YOUR GOAL. In the listing below, count the lines with "French" and report only the figure.

DATA SECTION.

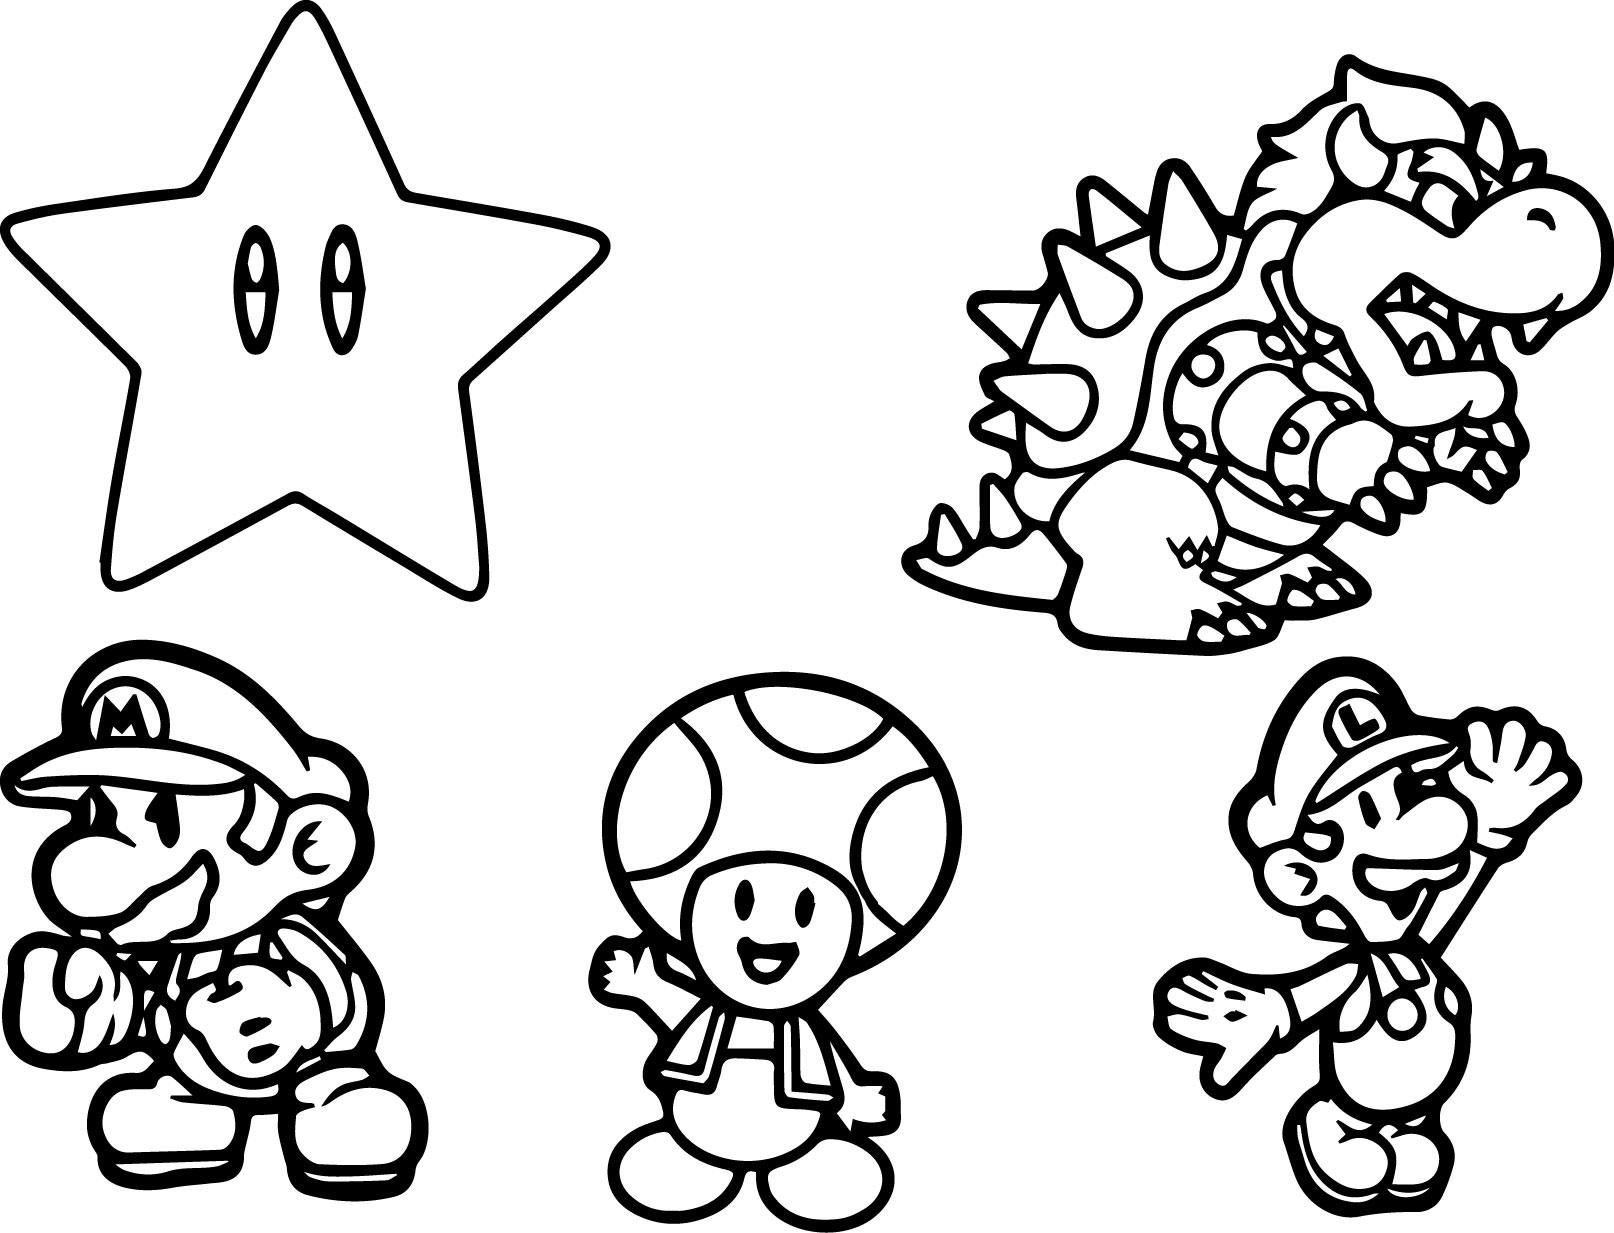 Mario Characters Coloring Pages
==
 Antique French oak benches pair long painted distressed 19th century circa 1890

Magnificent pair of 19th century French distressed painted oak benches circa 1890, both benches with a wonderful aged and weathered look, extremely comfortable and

OUTPUT BELOW. 2